Fig. 1 is a configuration diagram of the present invention, Fig. 2 is a system diagram showing an embodiment of the present invention, Fig. 3 is a flowchart showing a fuel injection amount calculation routine in the above embodiment, and Fig. 4 is a flowchart in the same embodiment. FIG. 5 is a system diagram showing an example of a conventional electronically controlled fuel injection device. FIG. 6 is a flow chart showing a conventional intake air flow rate increase correction control. 1... Engine 2... Intake passage 3... Slot 7
) Valve 4... Throat 7) Valve opening sensor 5...
・Rotation speed sensor 6...Control unit 7
...Fuel injection valve 8...Bypass intake passage 9...
・Solenoid valve 10...Oxygen concentration sensor 11...

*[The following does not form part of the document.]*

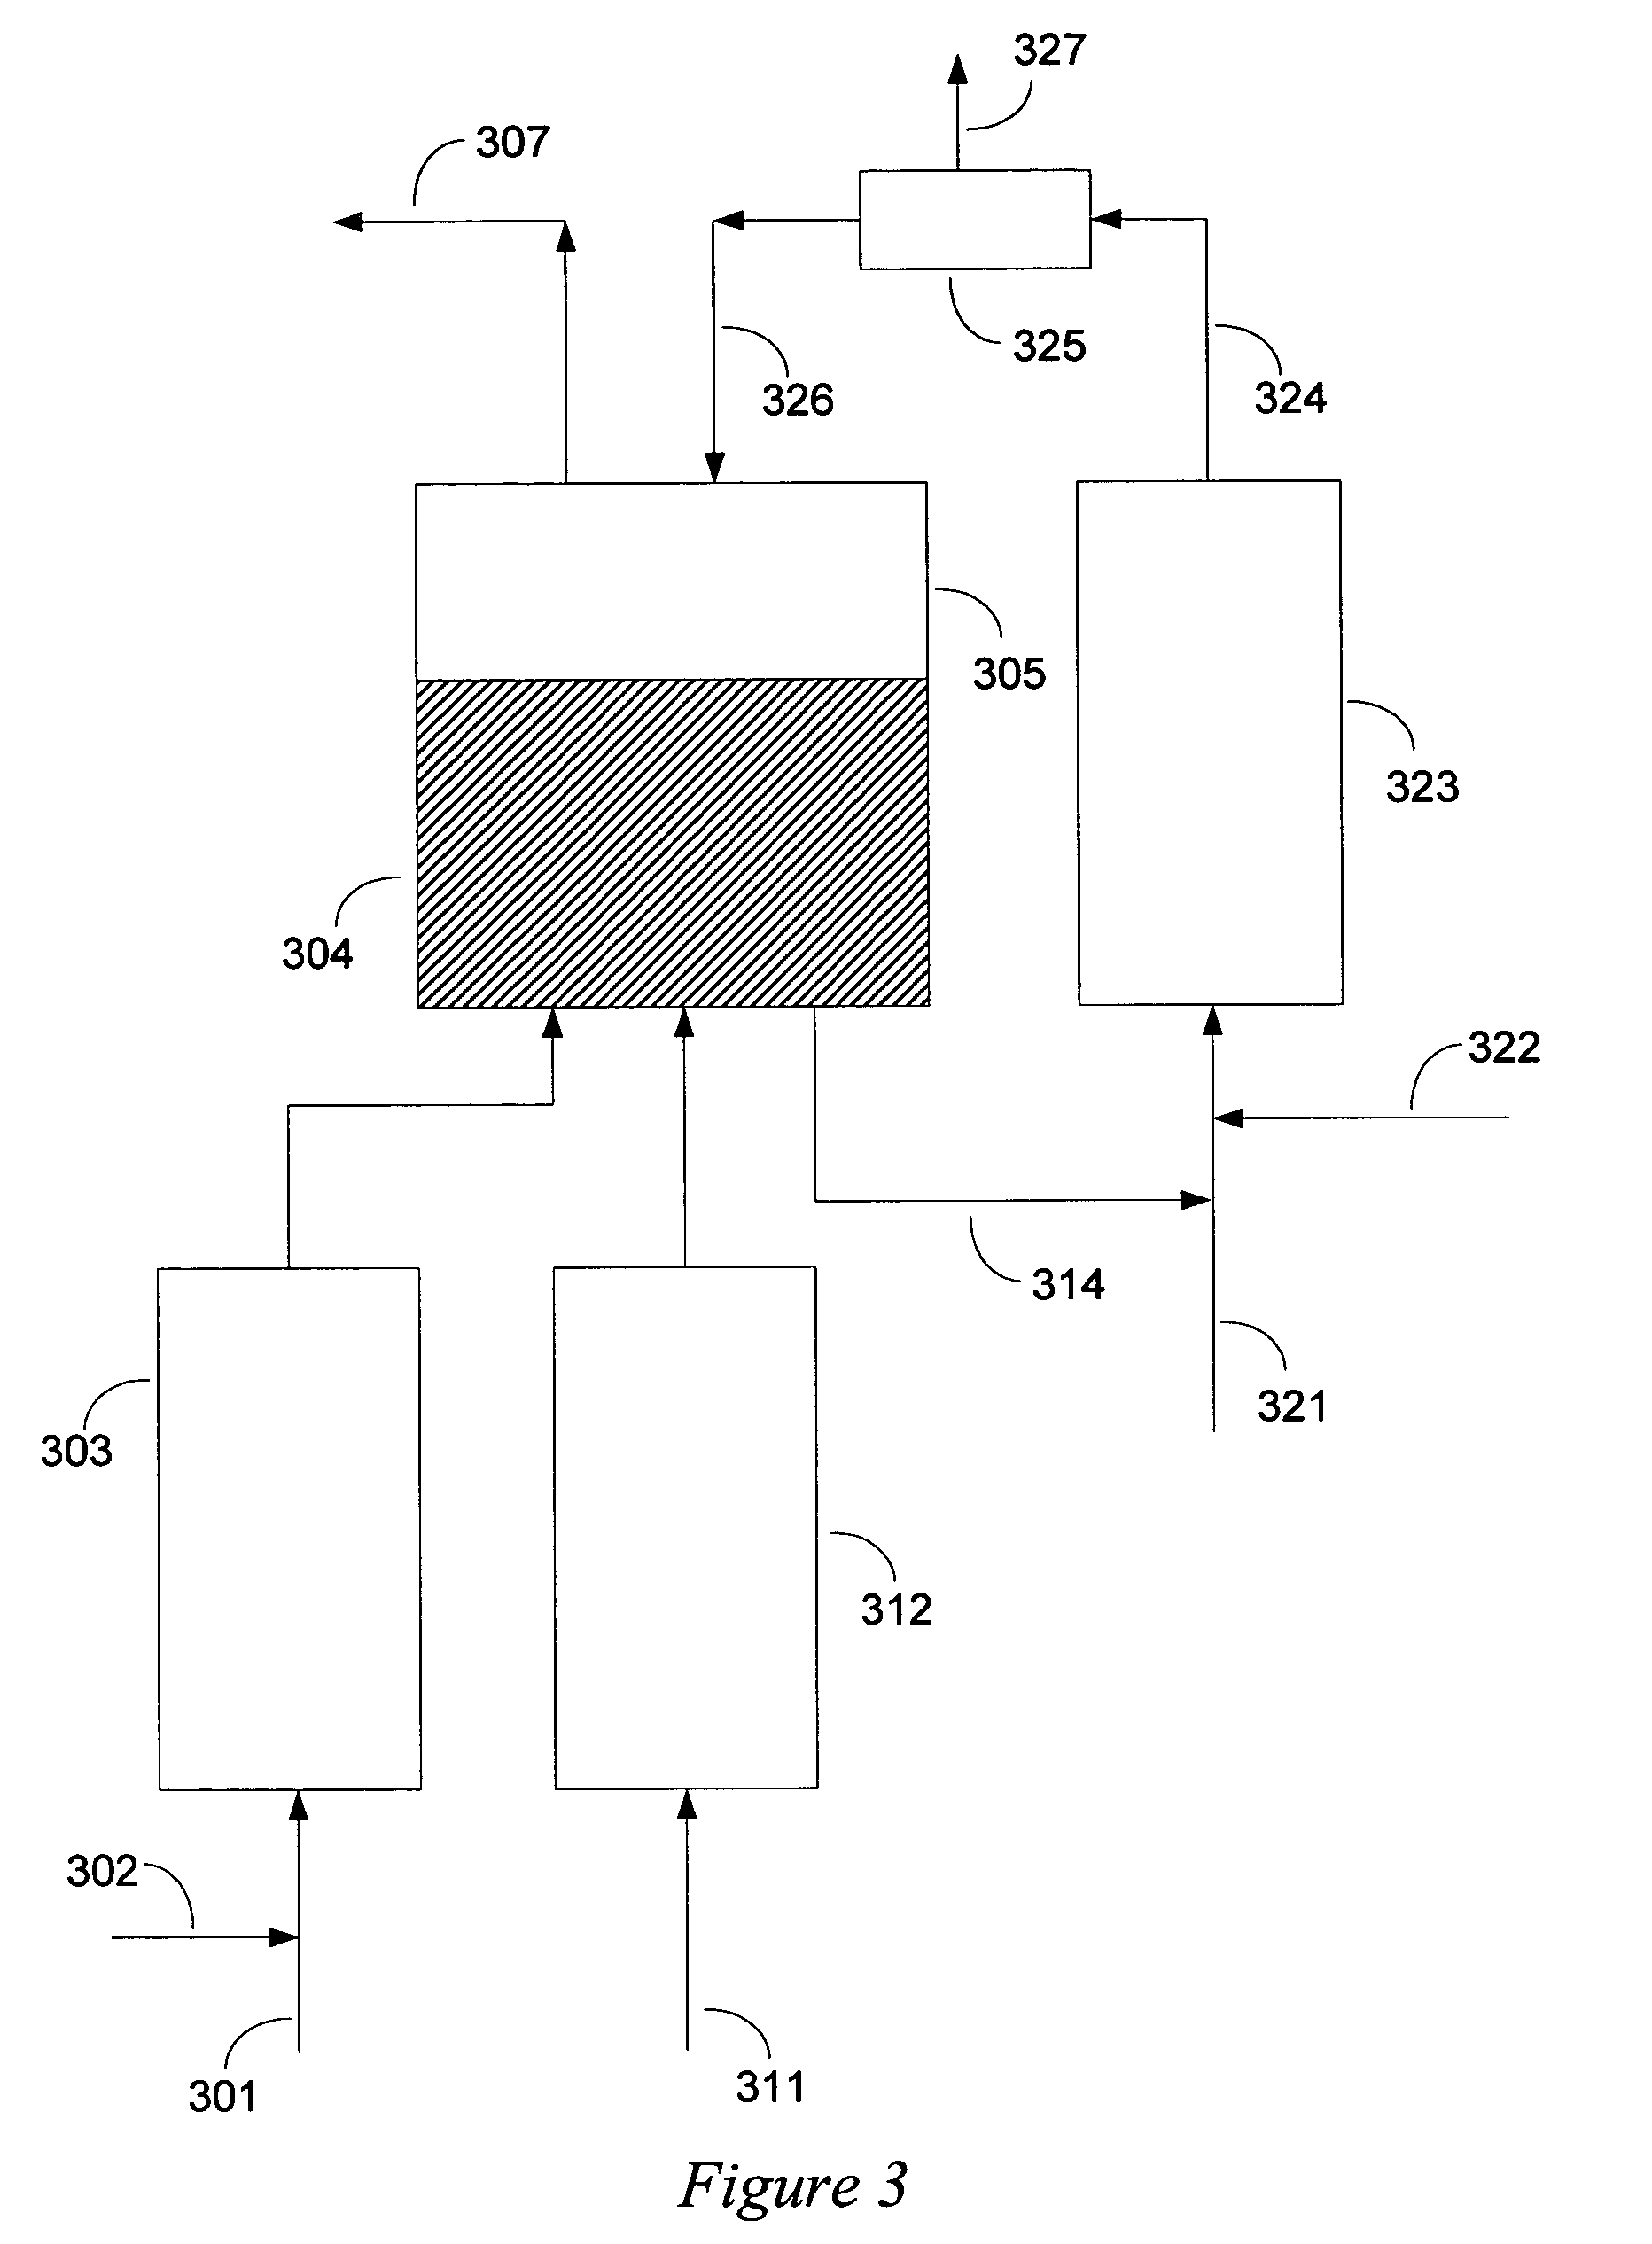 Method for making single-wall carbon nanotubes using supported catalysts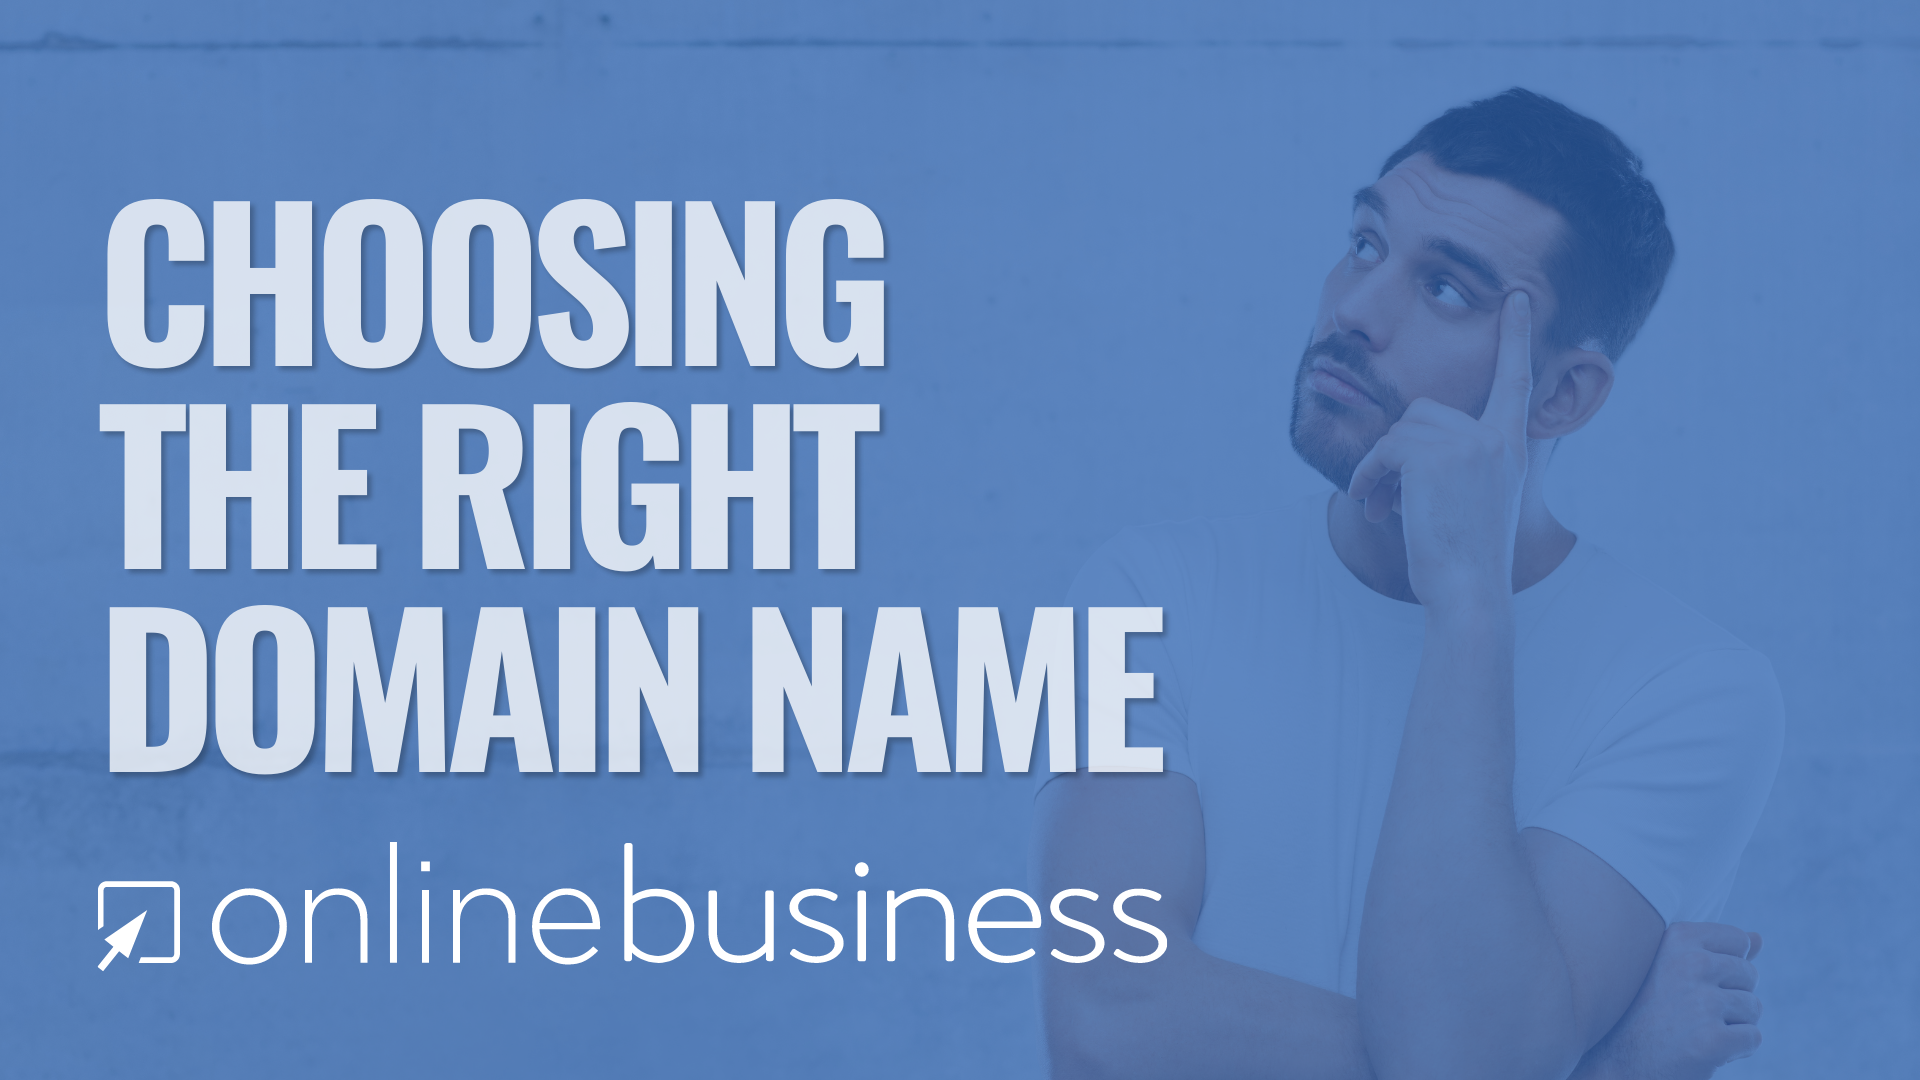 OnlineBusiness.com Highlights Why The Right Domain Starts with The Right Company Name

Exhaust passage patent applicant Japan Electronics Co., Ltd. Agent Patent attorney Fujio Sasashima Figure 2, Ward 4, 5vA

Claims (1)

[Claims] A throttle valve opening detection means for detecting the opening of a throttle valve installed in the intake passage of the engine, an engine rotation speed detection means for detecting the rotation speed of the engine, and a parameter for determining the throttle valve opening and the engine rotation speed. an intake air flow rate storage means that stores an intake air flow rate corresponding to each operating region; an intake air flow rate search means that searches for an intake air flow rate based on detected values of throttle valve opening and engine rotational speed; bypass intake passage opening/closing control detection means for detecting opening/closing control of an opening/closing valve that opens/closes a bypass intake passage that bypasses a throttle valve; and increasing the intake air flow rate retrieved when the opening/closing valve is controlled to open by a predetermined amount. an intake air flow rate correction means for correcting the air-fuel ratio; an air-fuel ratio detection means for detecting the air-fuel ratio of the engine; and an air-fuel ratio detection means for detecting the air-fuel ratio of the engine; an increase correction prohibiting means for prohibiting increase correction; a fuel injection amount setting means for setting a fuel injection amount based on the retrieved intake air flow rate or the intake air flow rate corrected to increase by the intake air flow rate correction means; An electronically controlled fuel injection device for an internal combustion engine, comprising: drive control means for driving and controlling a fuel injection valve according to a fuel injection amount.